Nor do style guides agree on the hyphen. Fowler’s Modern English Usage makes a detailed study, then admits ‘usage is so variable as to be better named caprice’. Another style book says: ‘If you take hyphens seriously you will surely go mad.’ Sir Ernest Gowers, author of The Complete Plain Words, replies: ‘I have no intention of taking hyphens seriously.’

So it doesn’t matter if they are being used less frequently? It does matter, but more because of politics than poetry or punctuation. Arab-Americans, for example, might set much store by them at the moment, just as other hyphenated Americans did when President Woodrow Wilson disparaged them back in 1919: ‘I think the most un-American thing in the world is a hyphen — any man who carries a hyphen about with him carries a dagger that he is ready to plunge into the vitals of this republic.’

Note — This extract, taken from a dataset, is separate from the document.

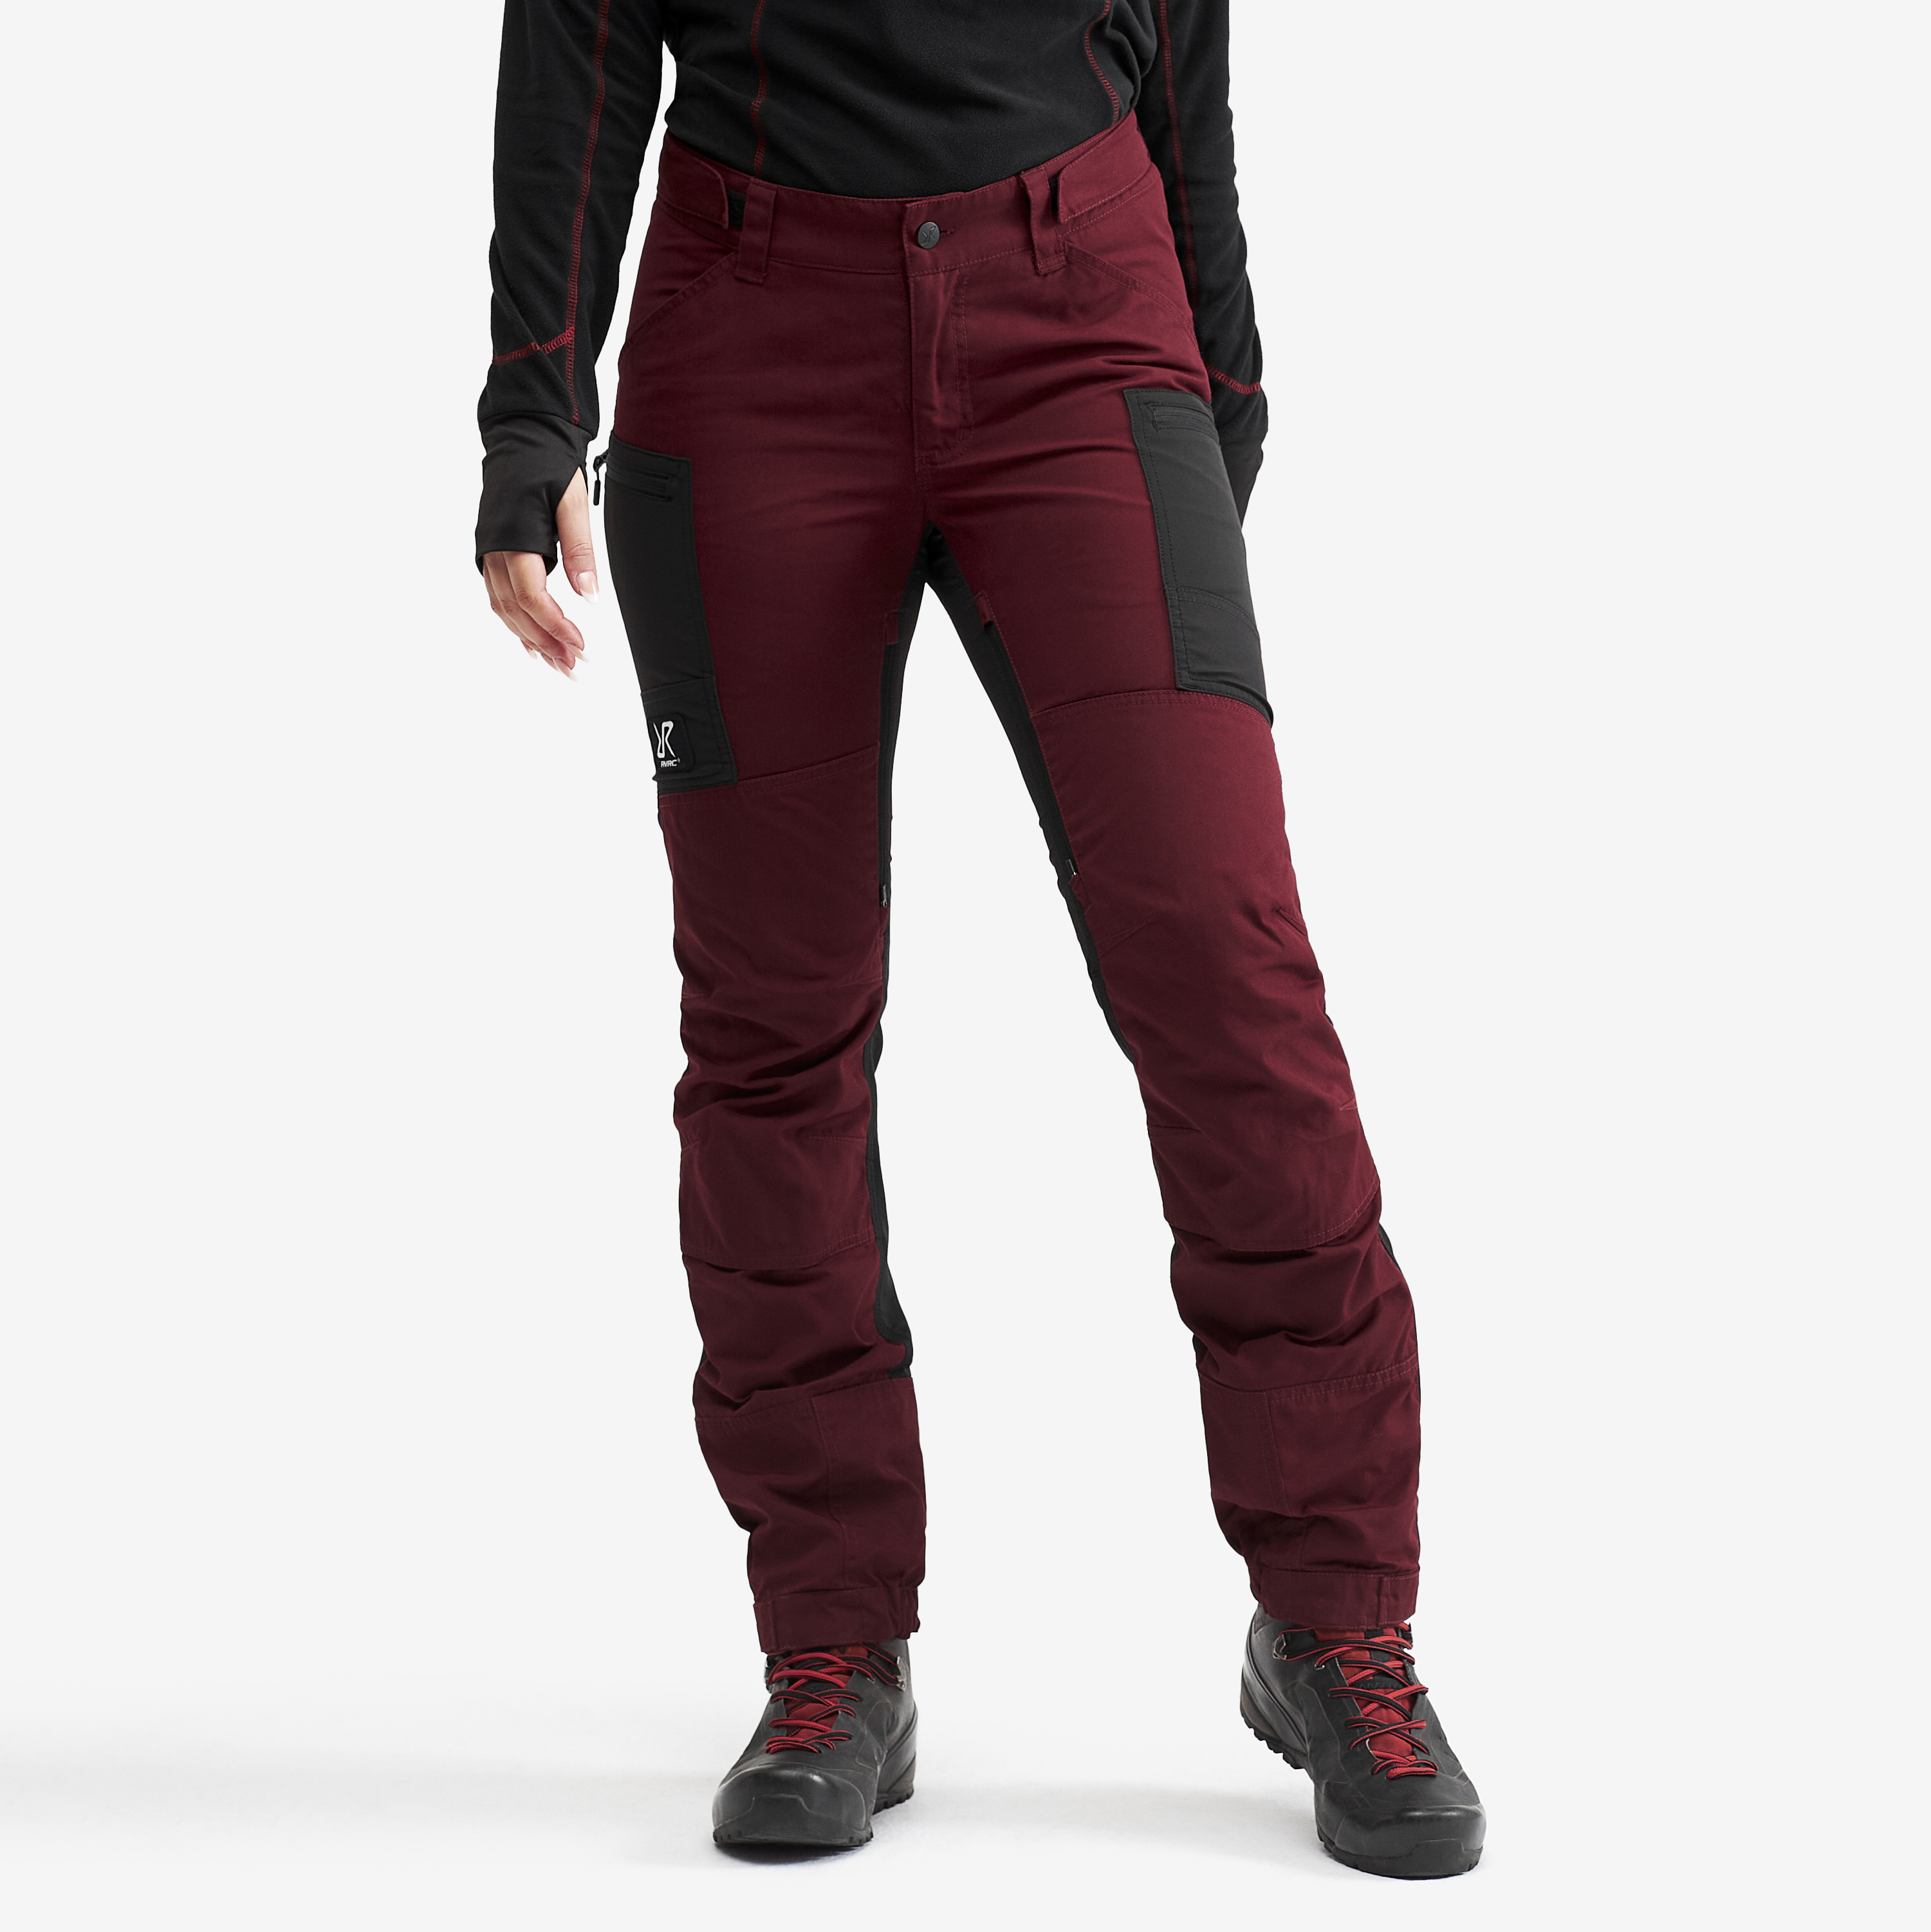 Wander Pro Pants Bison Red Mujeres
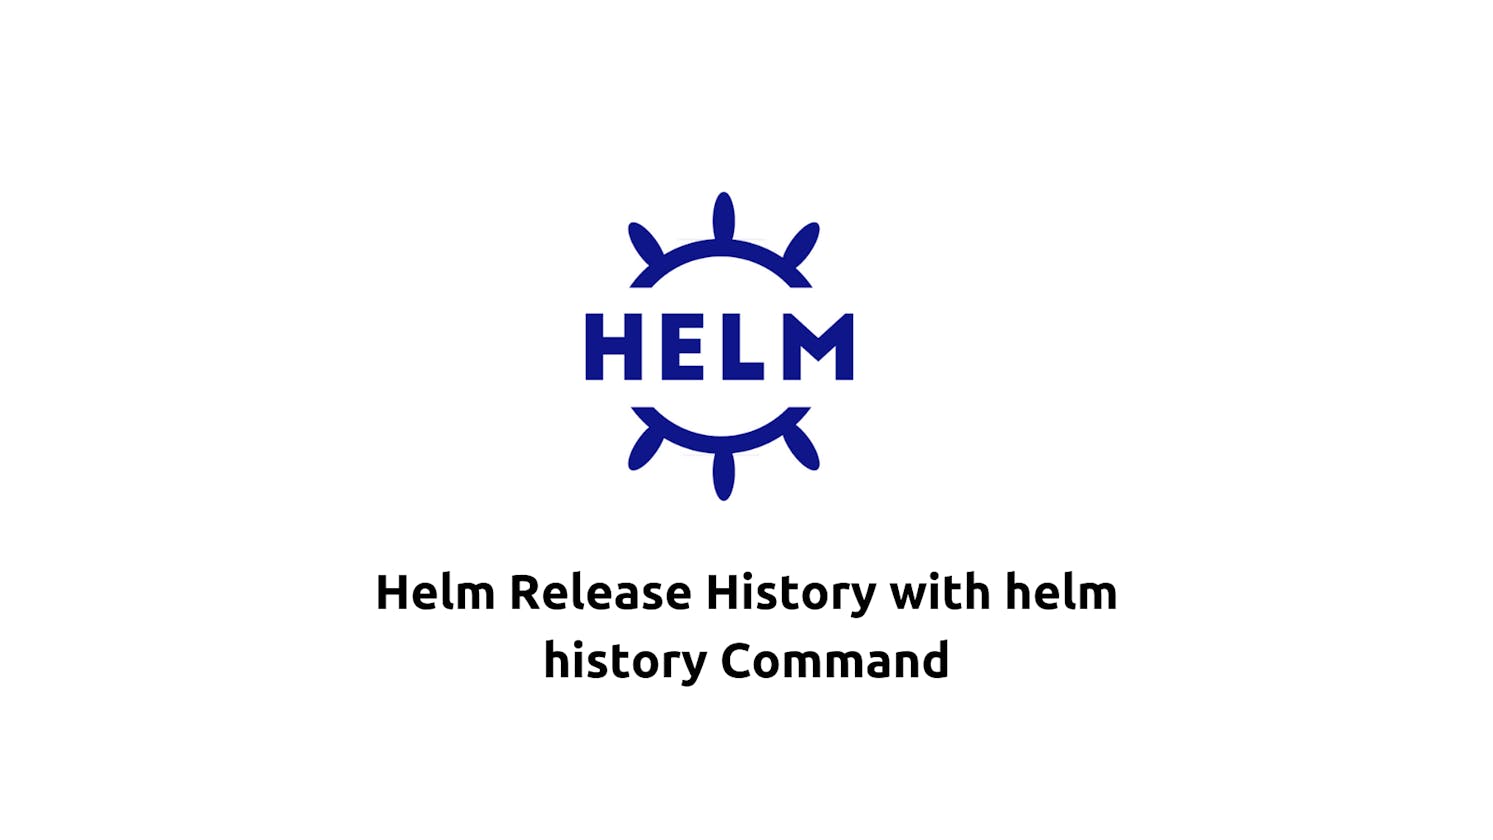 Helm Release History with helm history Command

Actually, the great thing about American society is that it compounds and separates at the same time, making both the universal and exceptional case. That’s also the virtue of the term-cleaving hyphen. Maybe its death onscreen is really saying something about the American empire and its provinces in cyberspace. Perhaps this is a moment anthropologists of the future, looking down like hungry falcons on the blue-bleak embers of our world, will identify as a tipping point. Or tipping-point.